Sorry to be so long winded, but my point here is that there are probably others out there just as ignorant to this disease as I was.  I think "Paul" should start his own organization.  I've read everything he's written & he is so full of good advice.

I'm not sure if this cancer will surface elsewhere.  I have had 2 sets of scans since my surgery in August 2012.  They also recently did ultrasounds of my liver, pancreas & gall bladder as well as another endoscopy.  They seem to take me seriously when I think something is wrong & I know that is good.

I know I need to move on from this but it is going to take some time I think.  Thank you to everyone on this site for sharing their stories.  It really helps.


Posts: 12
Joined: Nov 2013

Peggy, I'm brand new to this whole 'cancer' ordeal so take my comments for those coming from the new kid on the block.   I don't know how you 'move on' from cancer.
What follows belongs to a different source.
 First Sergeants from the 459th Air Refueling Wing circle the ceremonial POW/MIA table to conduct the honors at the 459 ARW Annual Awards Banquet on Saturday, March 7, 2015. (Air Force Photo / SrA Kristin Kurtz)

I honestly don't know if you ever do. I know a lot of survivors and they are just that survivors. I get the impression from them that like a soldier returning from war, we may go about our lives as normally as anyone else, but cancer like war is always there in the back of our thoughts - some of us just handle it better than others.

I'm thankful to read that you were able to undergo surgery and that the outcome sounds very positive. Here's to you and your husband handling survivorship well!!

paul61's picture
Posts: 1268
Joined: Apr 2010

Thanks for the kind words. I am so happy that your treatment and outcome has gone well.
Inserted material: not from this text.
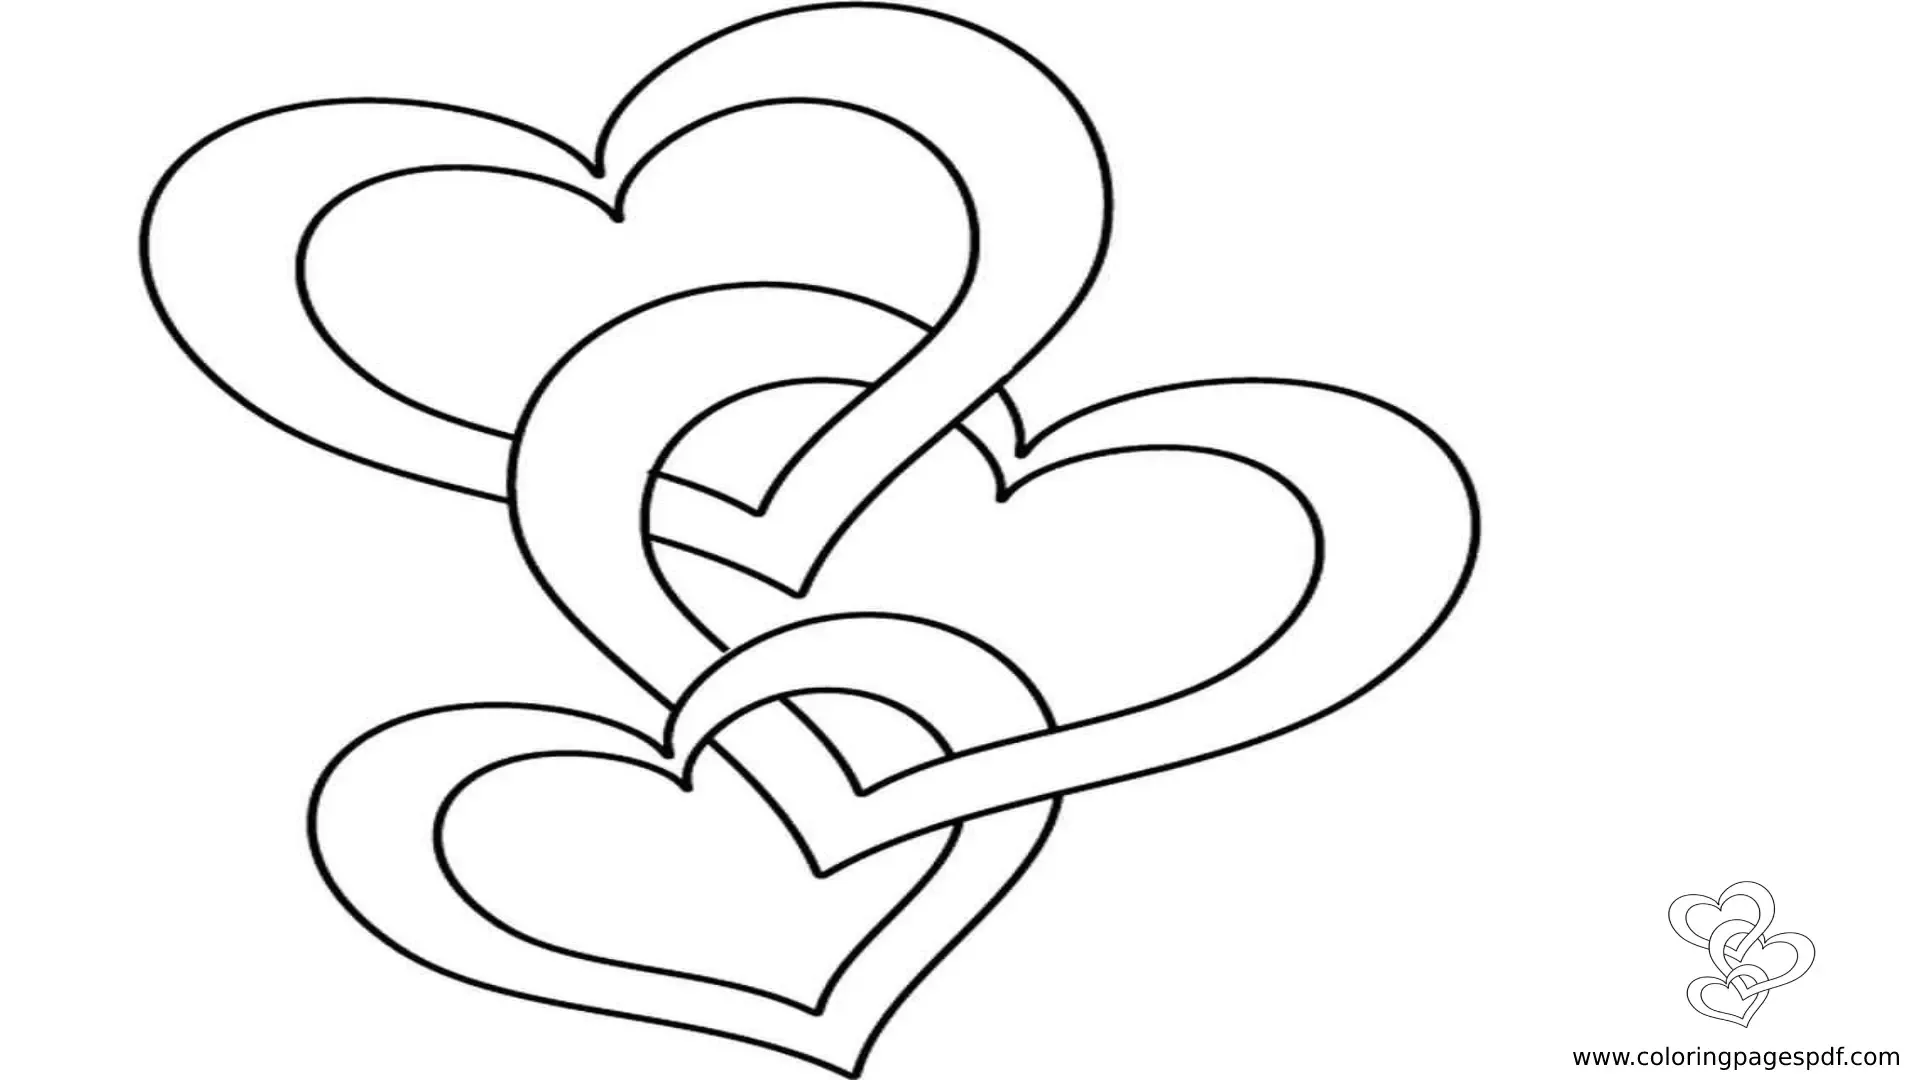 Coloring Pages Of A Heart Chain

In terms of “moving on from cancer”, you are right, it does take some time, and as “mrkenny” pointed out I think a diagnosis of cancer does change us and our perspective on life. I know, from a personal perspective, I value the good days much more. I don’t take for granted birthdays, anniversaries, and holidays with the people I love.

And of course I think the one thing all of us who are “survivors” learn to live with is that there always seems to be another scan or other test on the horizon; and then the wait for the results. And, where in the past when we had a new pain or “strange feeling” we just assumed it would get better, we now have that voice in the back of our mind that says “I hope this isn’t a recurrence”.
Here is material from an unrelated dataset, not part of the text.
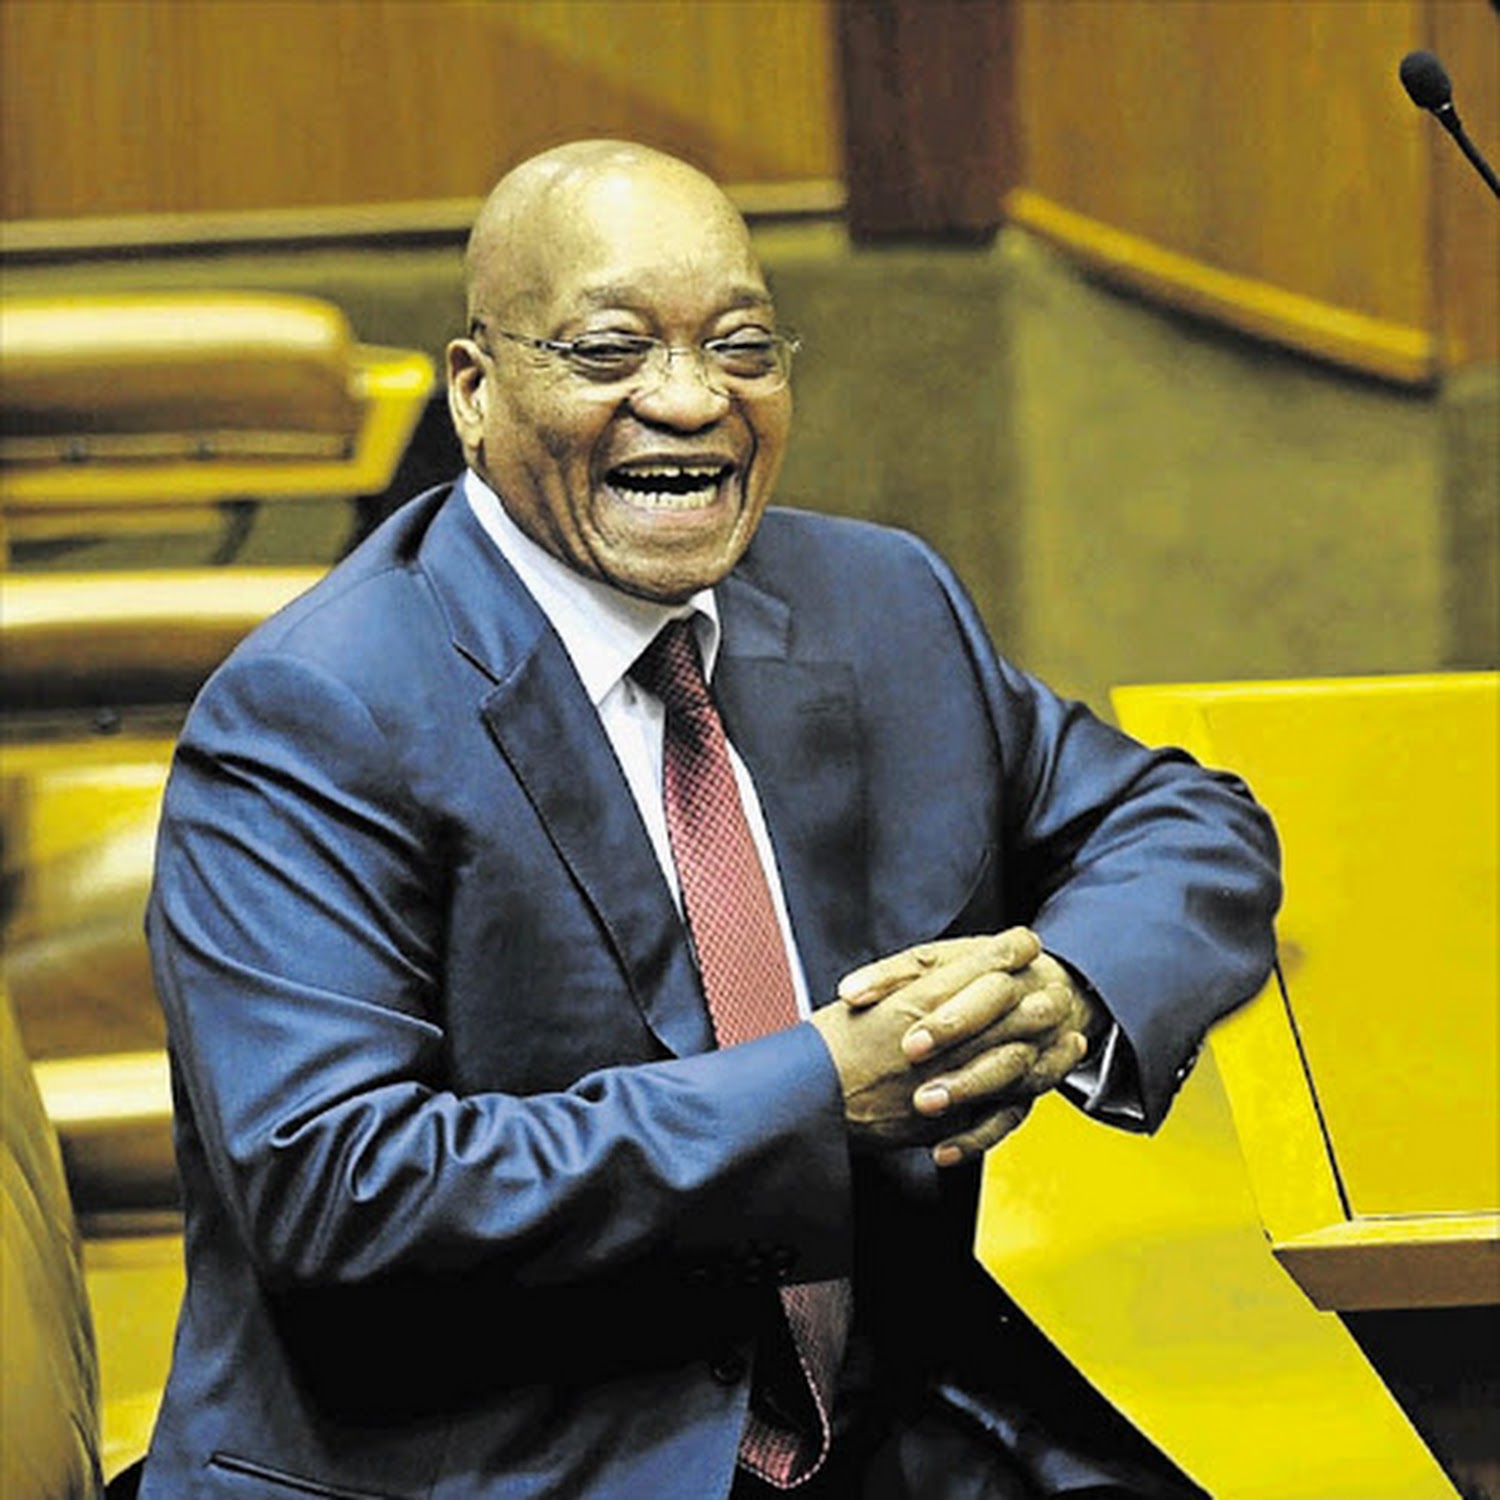 South African Leaders Seek Creative Solutions to Spare Jacob Zuma from Jail- It’s a tough call

I think we learn to live in the moment. When we get up and feel good we say, “I am going to enjoy today and let tomorrow take care of tomorrow”. When we get up and are not feeling our best we say “I am going to give this a few days and if it does not get better I we see my doctor, but for today I am going to be kind to myself and try to be as positive as I can”. I most cases things get better with time and we move on.

I always ask myself “If tomorrow was my last day on earth how would I like to spend today”. Then I try to do that.

Sometimes I actually succeed. J

Best Regards,

Paul Adams

McCormick, South Carolina
DX 10/2009 T2N1M0  Stage IIB - Ivor Lewis Surgery  12/3/2009 - Post Surgery Chemotherapy 2/2009 – 6/2009
Cisplatin, Epirubicin, 5 FU - Three Year Survivor



Posts: 7
Joined: Oct 2013


Thank you for your inspirational words.  I printed them off & will read them when I start to get the Poor-Me's.

I hope you all have a wonderful Thanksgiving Holiday.  I'm going to try & eat a little (very little) of everything & enjoy my time with family a friends.